Pour le Parti démocratique de Côte d’Ivoire (PDCI-RDA), représenté par son porte-parole, le flou maintenu par le président ne mérite pas débat. « Ce n’est pas un sujet, puisqu’aucune décision n’a été annoncée », tranche-t-il. Selon le parti dirigé par Tidjane Thiam, le rassemblement au stade d’Ebimpé s’inscrit dans une mise en scène orchestrée par le RHDP pour faire émerger une « demande populaire » favorable à une nouvelle candidature de M. Ouattara.

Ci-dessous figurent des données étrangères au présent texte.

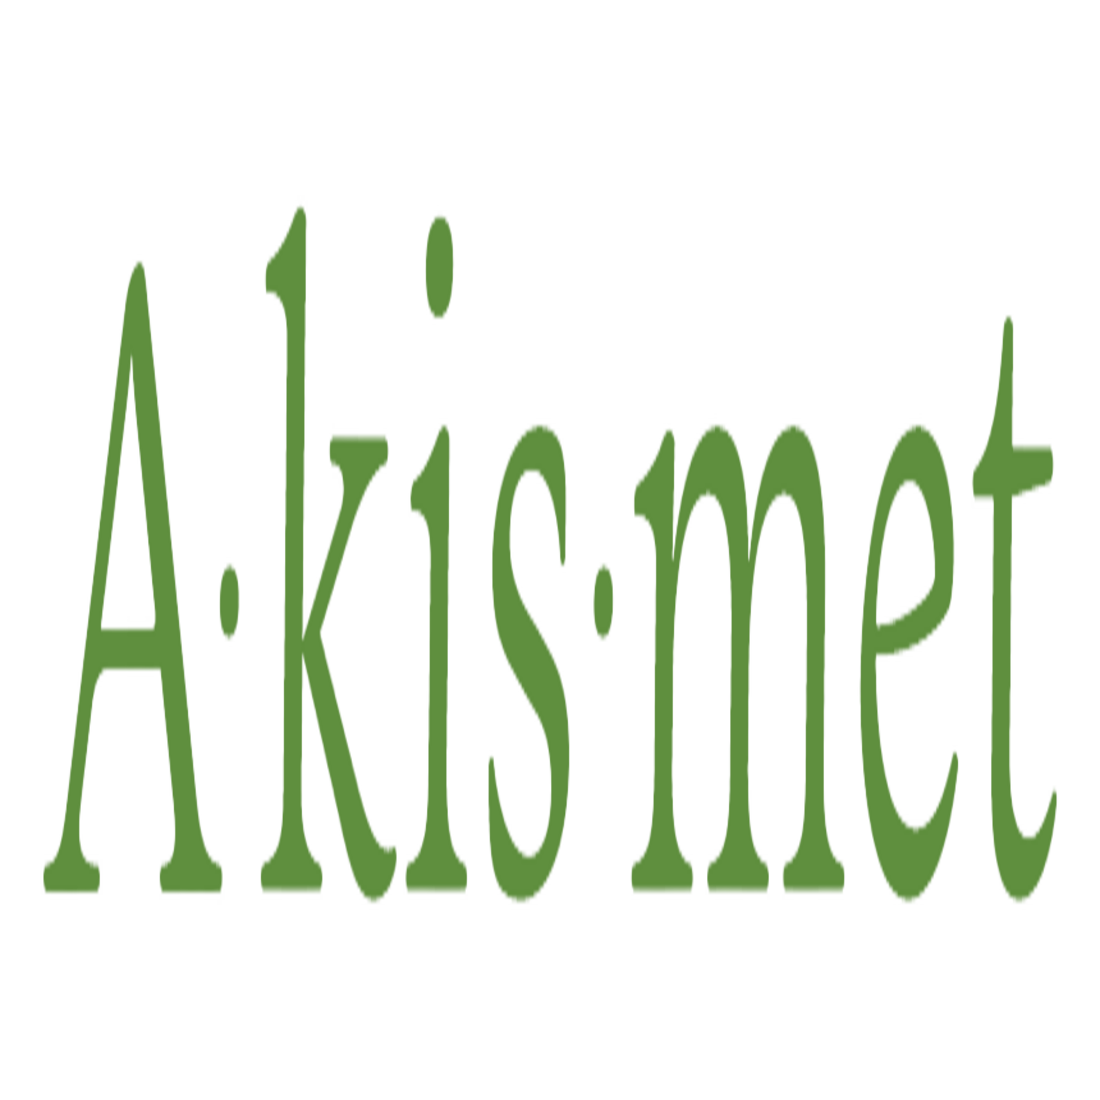 Akismet Wordpress spam protection logo
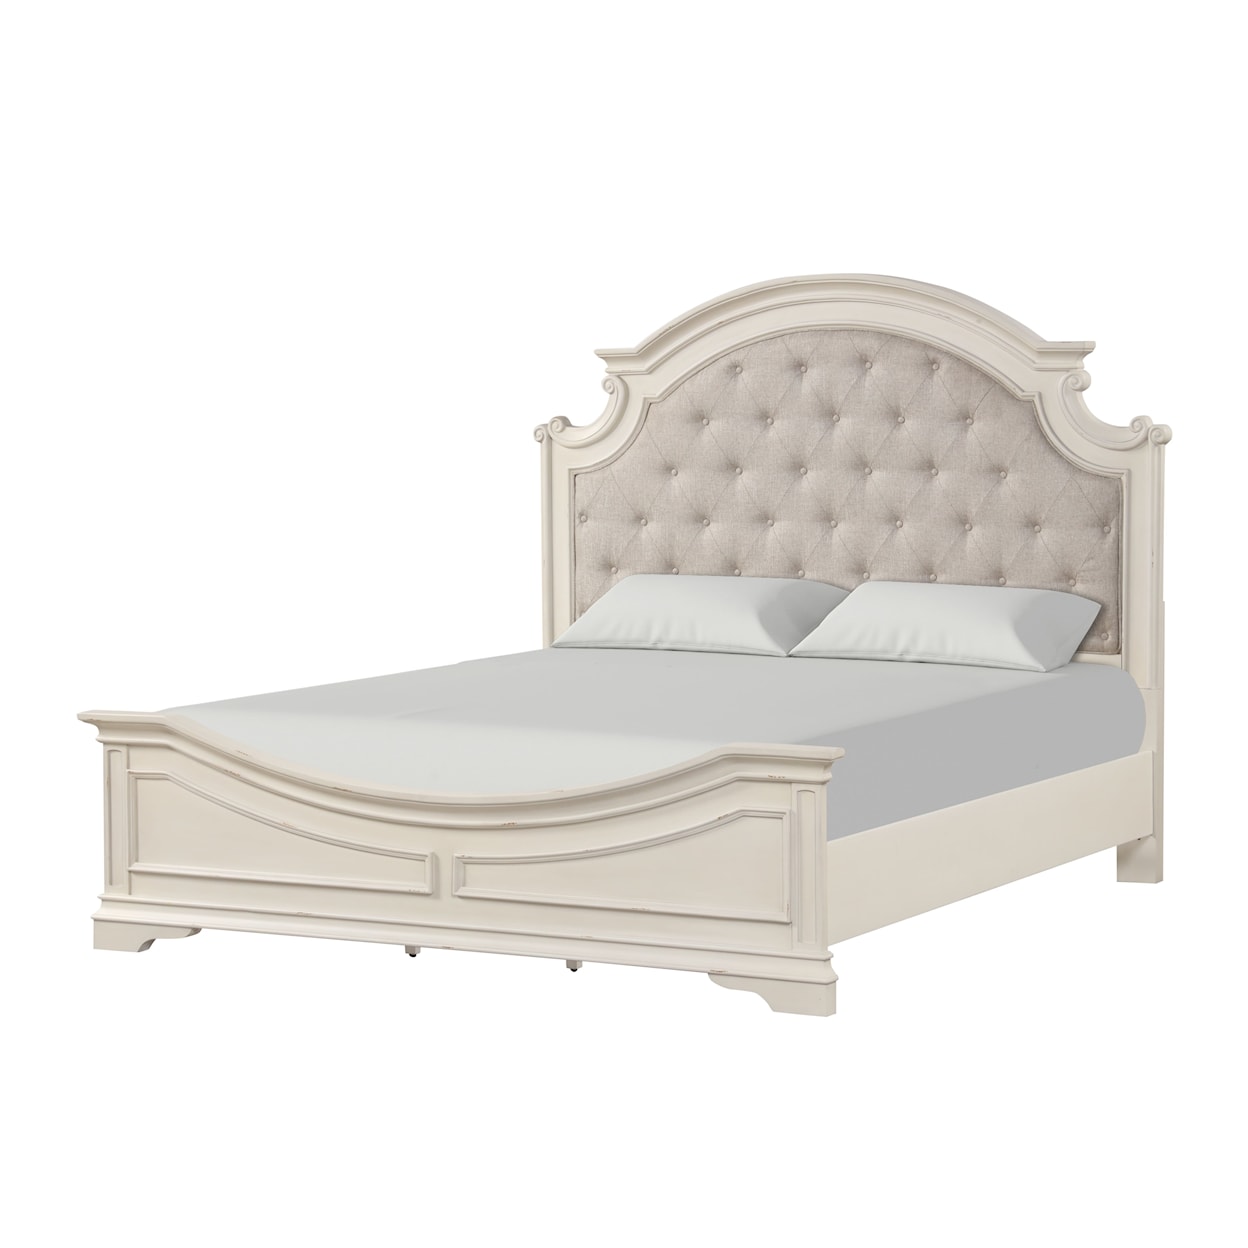 Alex's Furniture Terra King Bed

Même ton du côté du Congrès panafricain pour la justice et l’égalité des peuples (Cojep), formation politique de Charles Blé Goudé. Son vice-président qualifie cette attente d’« insignifiante » : « Le RHDP est libre de désigner son candidat, tout comme les autres partis. »
De son côté, Pascal Affi N’Guessan, président du Front populaire ivoirien (FPI), estime que le président Ouattara a pour l’instant résisté à la pression de son propre camp. Selon lui, le chef de l’État est conscient « des risques et des enjeux » qu’impliquerait une candidature supplémentaire.
Enfin, le parti Aujourd’hui et Demain, la Côte d’Ivoire (ADCI), mené par le député Assalé Tiémoko, considère que le président ne se représentera pas. Son vice-président rappelle une déclaration faite par Ouattara sur RFI en 2020 : « Il est difficile, voire impossible, que je sois candidat en 2025. »
Alors que l’échéance électorale approche, la Côte d’Ivoire reste suspendue à une réponse que seul Alassane Ouattara détient pour l’instant.